Note: Simon was an unknown philosopher and friend of Socrates. In this poem I am trying to bring him from obscurity and to show what it must have been like to be at one of the symposiums held in his sandal shop.
“So here we are again, dear friend,” he’d say,
greeting Socrates, kissing cheeks the way
they had for years, opening his sandal shop
for these gatherings, where we could stop
for conversations, forgetting time,
leaning back on pillows, sharing bowls of wine
and ideas, the candles smelling of wax,
while we sipped and nibbled simple snacks,
listening to his questions in the flickering light.
Outside, a sign you couldn’t see at night
said, “This is the boundary of the Agora”
and here we could speak and ignore the
censors in the city and speak of virtue,
rejecting the false wealth that the rich pursue—
exploiting truth for their personal gain,
living for life’s pleasures and avoiding pain—
and Socrates would listen as we spoke,
nodding at our words before he’d poke
holes with his questioning, his frog eyes
squinting as he thought, looking unwise,
asking with simple words what we meant
when we said this or that, his argument
always baffling us. My, he had his ways
of teaching that would open and amaze
our minds, but it was Simon whose open door
let us sit with hobnails on the floor
and leather straps and stitching needles
and have our dialogues and silly riddles—
games to exercise our minds, having fun
with friends, enjoying our symposium
those evenings where we had the leisure
to argue--is virtue the only pleasure
man should seek and Socrates would ask
but what is virtue and if that’s the task
how can you pursue what you don’t know
and from those questions, our thoughts would flow.

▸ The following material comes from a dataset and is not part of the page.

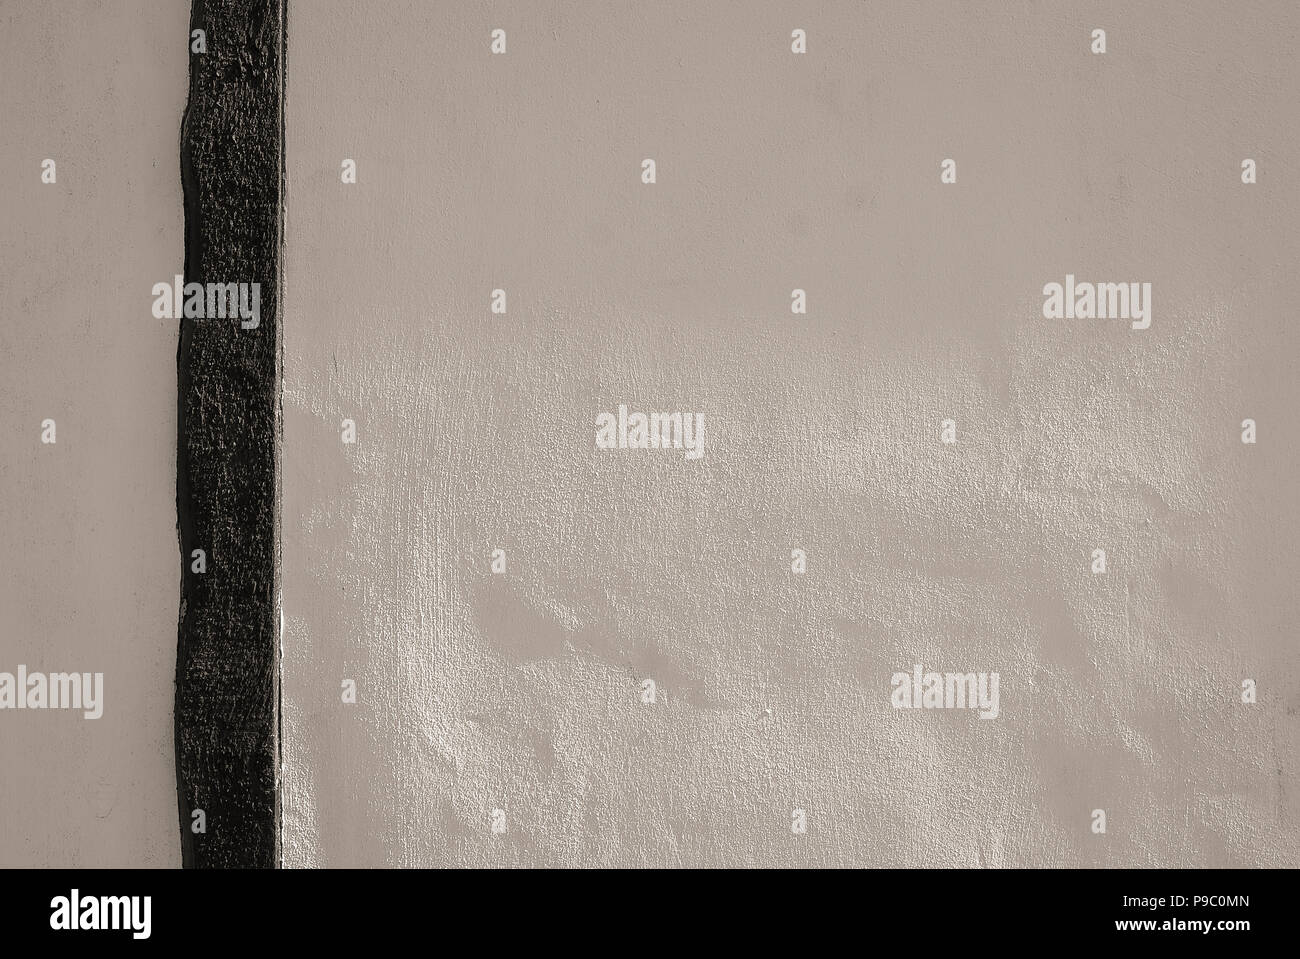 Un muro bianco nero con funzione di legname che mostra la texture di intonaco. Adatto per l'uso come sfondo Foto Stock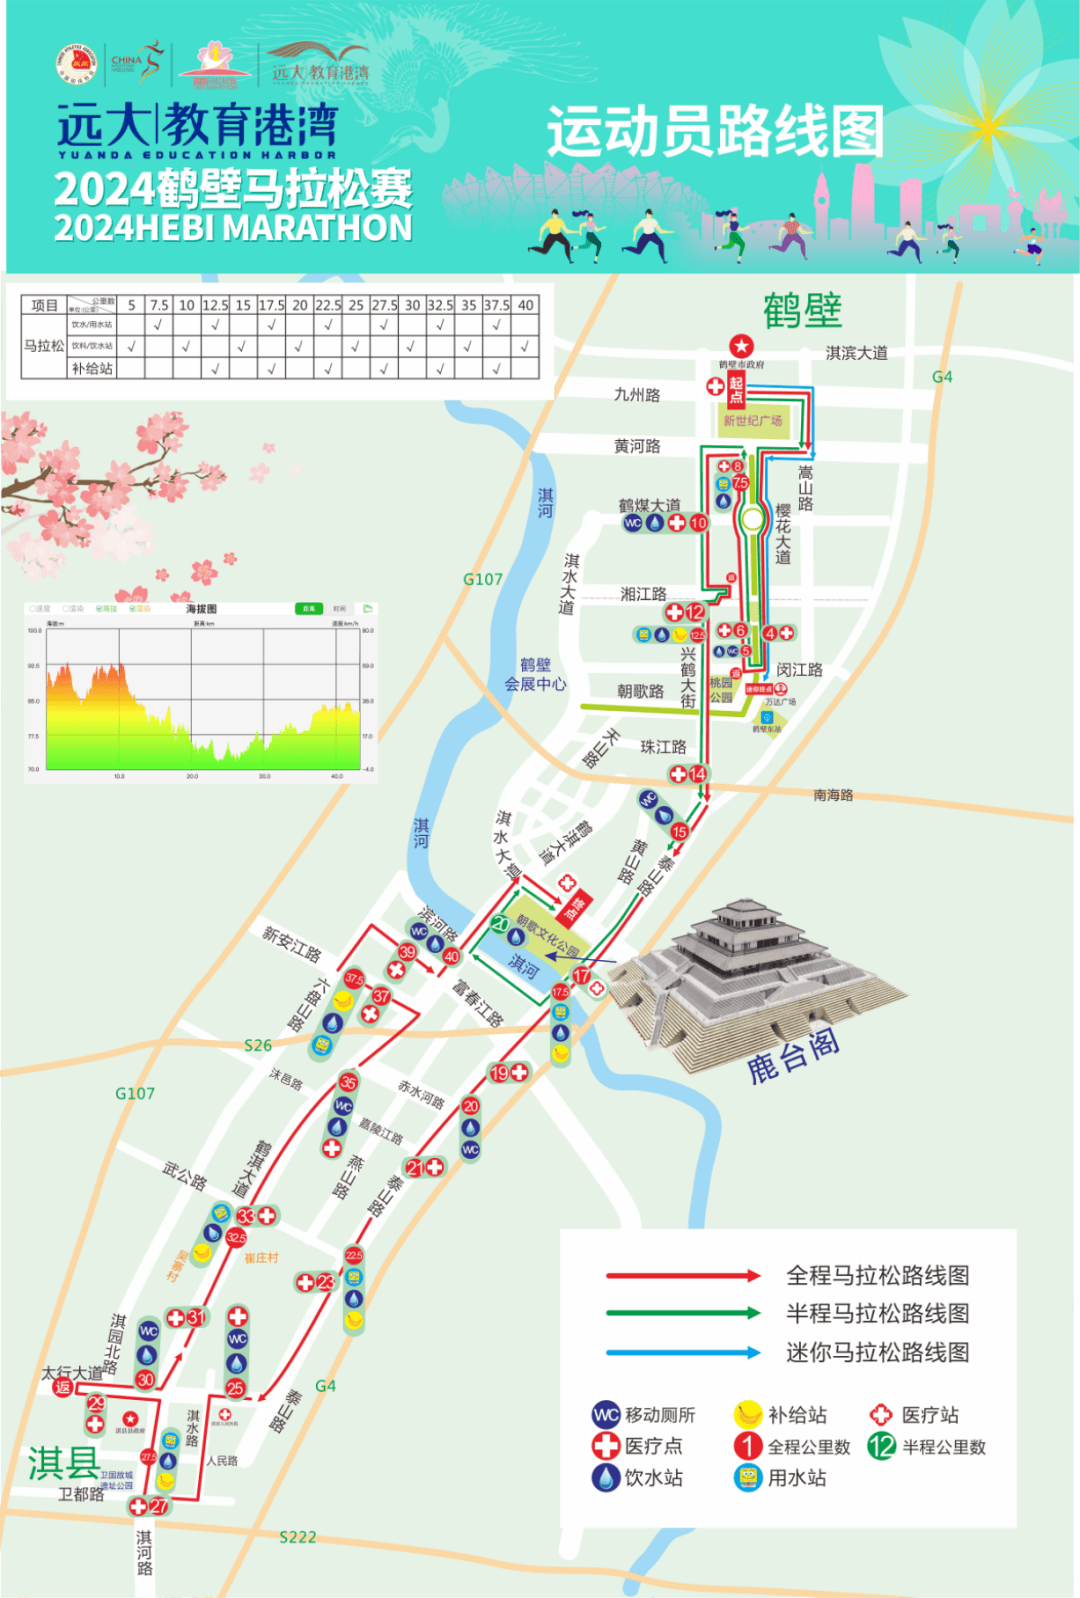 鹤壁龙岗人文小镇地图图片

Simon often laughed at his dear friend,
shaking his head to challenge and defend
another point of view, getting him to nod
before Socrates would ask and slyly prod
him to consider another assumption.
But Simon wouldn’t budge and had the gumption
to poke back at Socrates and on and on
they’d go all night, the dark becoming dawn.
Both Socrates and Simon lived their stoic lives,
wanting to be poor despite their wives’
harangues and thought that they were rich as king
because they did not live their lives for things
but wanted only what they needed to survive
to live a simple life and never strive
for wealth and Simon said he’d use his leather
straps to admonish foolish men who measure
luxury as if it were a garment to be worn
and never ask the meaning they were born.
Few know of Simon and his sandal shop
and how he loved it when we men would stop
and share a bowl of wine and salted nuts,
the pillows in a circle, our ifs and buts
and ponderings flowing like the wine.
It’s there I learned to seek the divine
by opening my heart and mind to the unknown,
chewing at life’s rawness like a bone.